Sunday Independent (Ireland)

The social drinker

- Tom Molloy

Today marks the centenary of the end of World War I. All over the world, people will think about what might have happened had that insane conflagrat­ion been avoided. What few people remember today is that the wine-loving French found the time to protect Champagne as a brand, when it came to drawing up the Treaty of Versailles in 1919.

While the Champagne region was first identified in the Madrid Treaty of 1891, the French had to wait until Article 275 of the Versailles Treaty to fully protect the badly damaged region of Champagne from competitor­s who were trying to use the word ‘Champagne’ for their cava, Prosecco or Sekt.

Today, nowhere else on the planet calls their sparkling wine ‘Champagne’, except the California­ns, because (not for the last time), the Americans never ratified an internatio­nal treaty they had played a large role in writing. This means that, under American law, some California­n wines can be called Champagne if they use certain grapes and the same methods as the original back in France.

This was hardly the most unjust outcome of the Versailles Treaty, but it is a timely reminder that great wines must be protected in good times and in bad times.

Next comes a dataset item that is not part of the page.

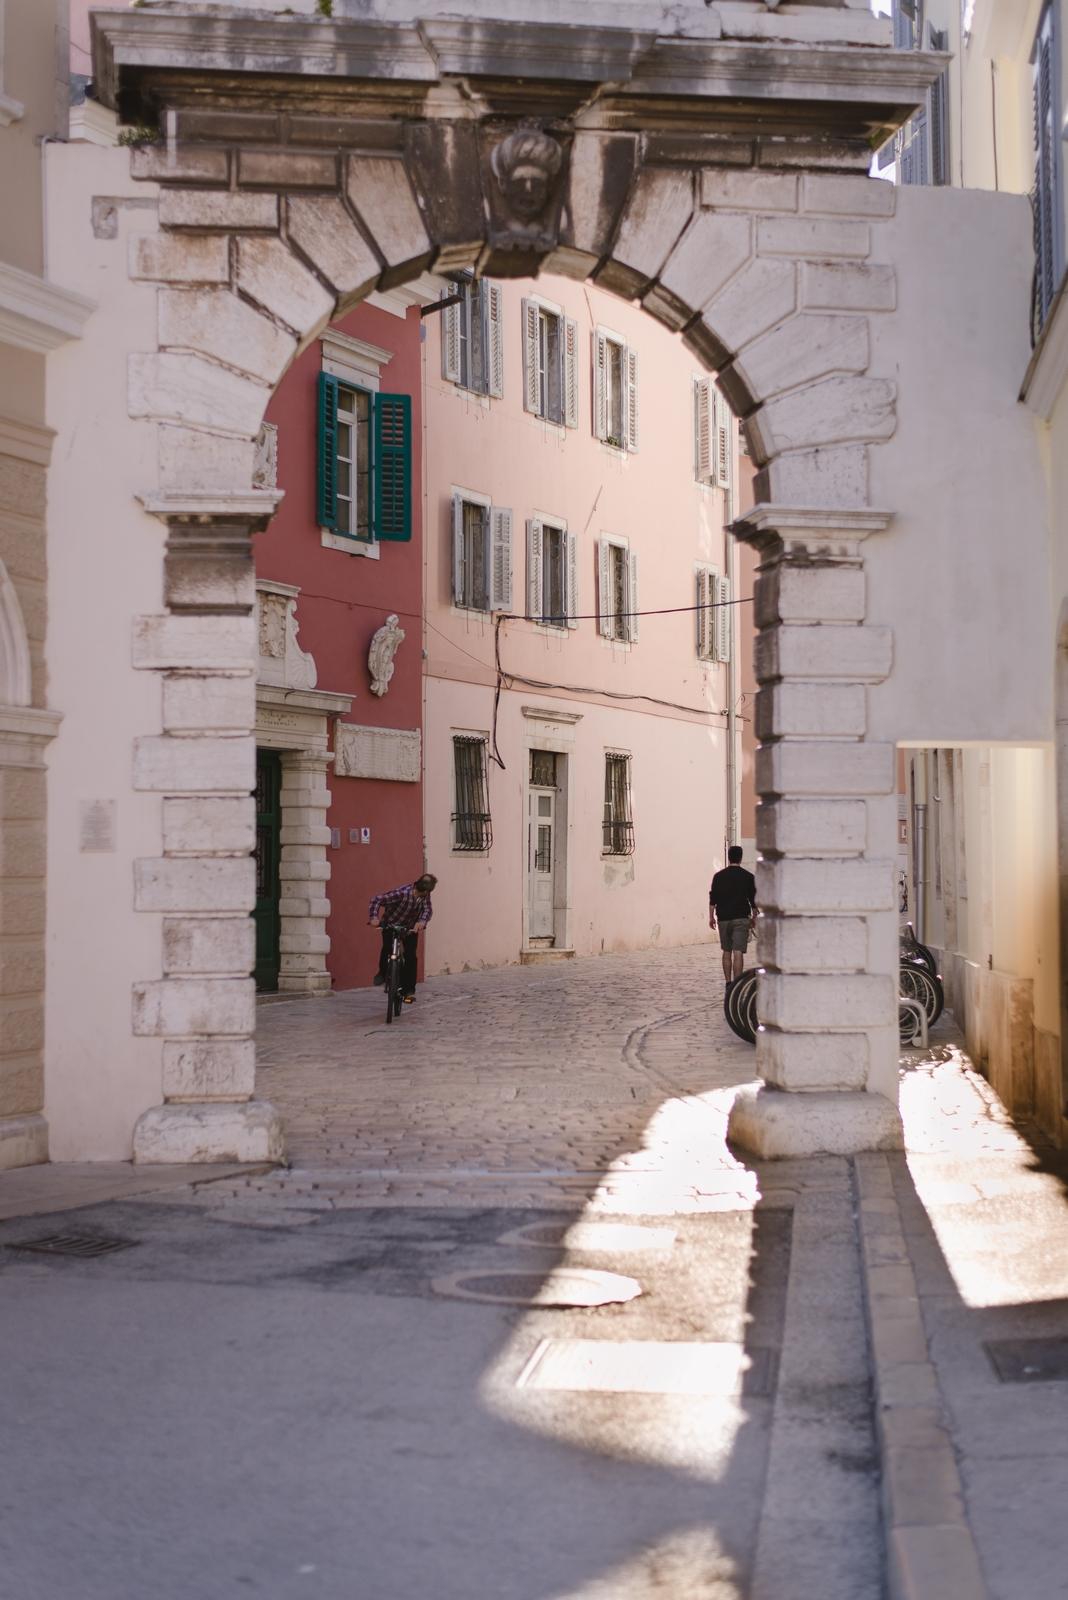 Balbijev Luk, a historic city gate in Rovinj, Croatia - from travel blog http://Epepa.eu

In Ireland, we tend to associate Champagne with celebratio­ns, so it may not be the most obvious drink to toast today’s most solemn of centenarie­s and the millions of brave men who fought on all sides, but perhaps, on reflection, it is the most appropriat­e?

After all, much of the worst of the fighting took place in the area around the great Champagne-making centres of Reims, Epernay and Ay, while the French insistence on protecting Champagne from competitor­s in 1919 serves as a reminder that good can come from even the darkest of days.